Snowflake loader error

Hi,

We’re trying to get the snowplow / snowflake integration working. We’re at the point were where able to ingest events and they seem to be transformed / enriched correctly, I see the files in the s3 bucket.
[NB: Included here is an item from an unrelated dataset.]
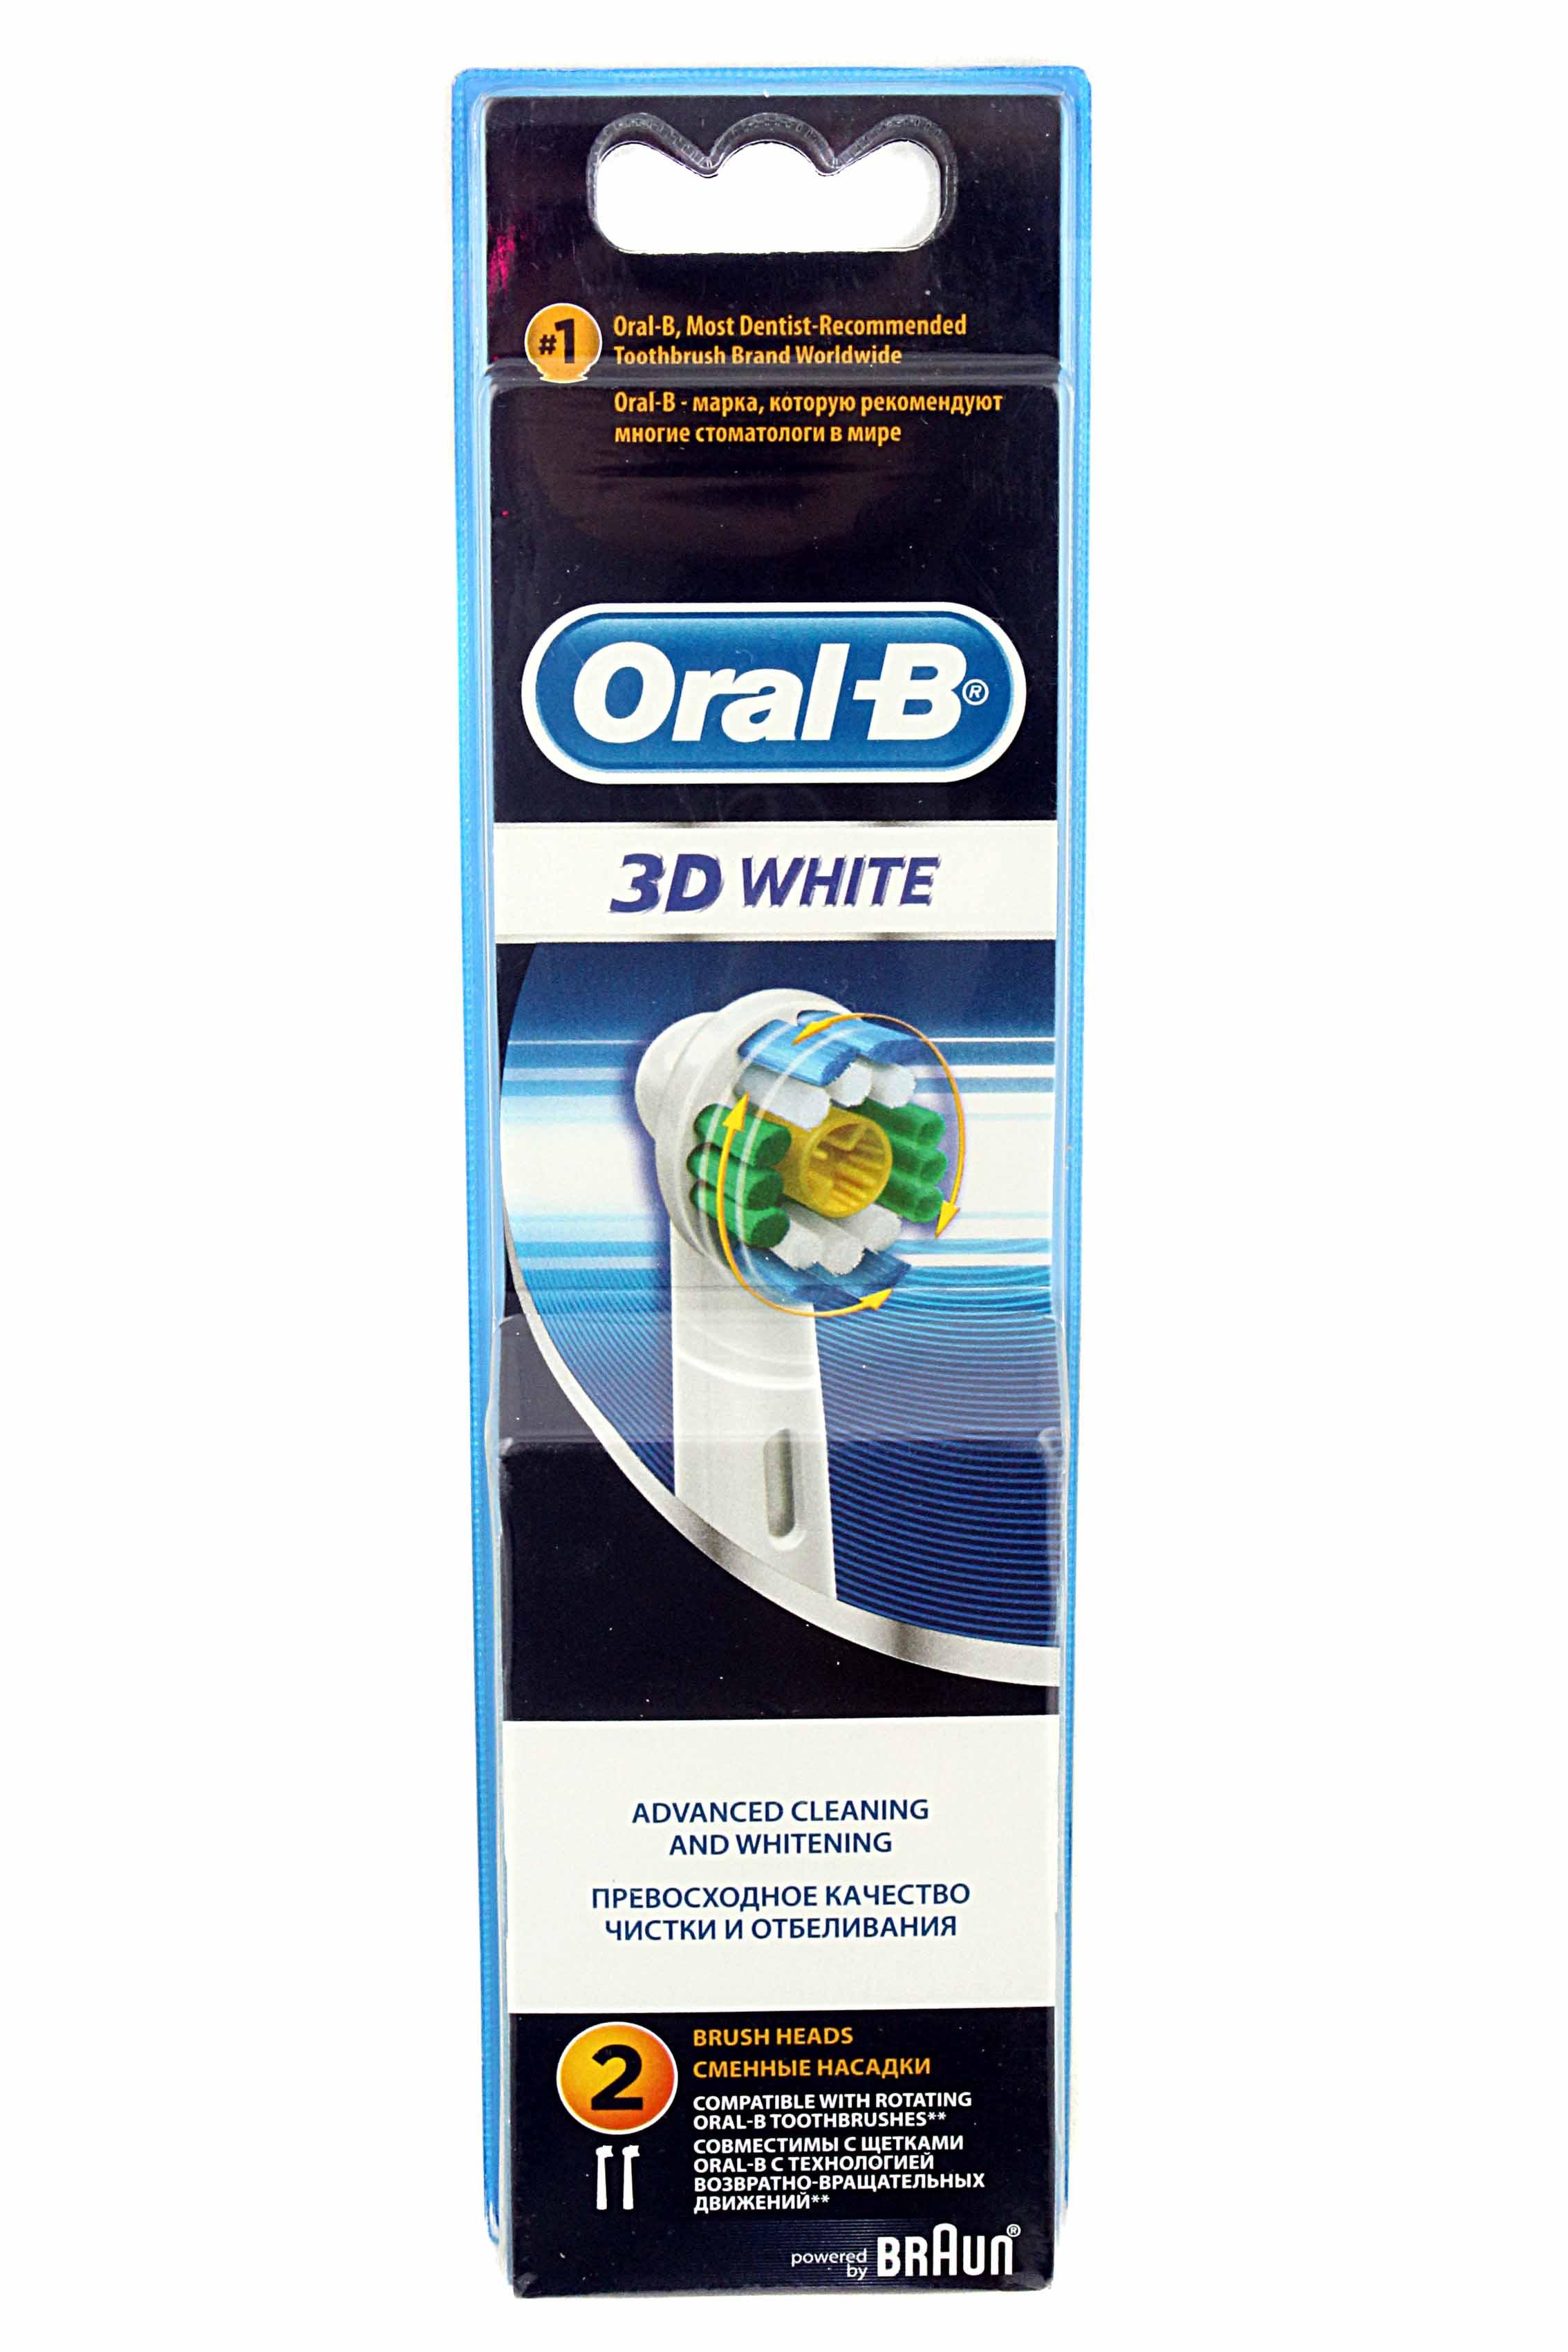 Насадки для эл. зубных щеток Braun от RBT.ru

The snowflake loader terraform ran successfully, but we’re not seeing the events loaded into the snowflake events table.

In Snowflake I do see the files in the SP_TRANSFORMED_STAGE

The only error I’m seeing is in the sp-snowflake-loader-server logs:


2023-07-21T10:04:14.043+02:00	INFO Loader: Total 85 messages received, 0 loaded; Loader is in Idle state; Last state update at 2023-07-21 08:00:30.592

2023-07-21T10:09:14.044+02:00	INFO Loader: Total 85 messages received, 0 loaded; Loader is in Idle state; Last state update at 2023-07-21 08:00:30.592

2023-07-21T10:10:00.767+02:00	INFO DataDiscovery: Received a new message

2023-07-21T10:10:00.767+02:00	INFO DataDiscovery: Total 86 messages received, 0 loaded

2023-07-21T10:10:00.768+02:00	INFO DataDiscovery: New data discovery at run=2023-07-21-08-00-00 with following shredded types:

2023-07-21T10:10:00.768+02:00	* iglu:com.snowplowanalytics.snowplow/web_page/jsonschema/1-*-* WIDEROW

2023-07-21T10:10:00.768+02:00	* iglu:com.snowplowanalytics.snowplow/ua_parser_context/jsonschema/1-*-* WIDEROW

2023-07-21T10:10:00.768+02:00	* iglu:nl.basjes/yauaa_context/jsonschema/1-*-* WIDEROW

2023-07-21T10:10:30.784+02:00	ERROR Loader: Loading of s3://xxxxxxx/website/transformed/good/run=2023-07-21-08-00-00/ has failed. Not adding into retry queue. HikariPool-1 - Connection is not available, request timed out after 30000ms.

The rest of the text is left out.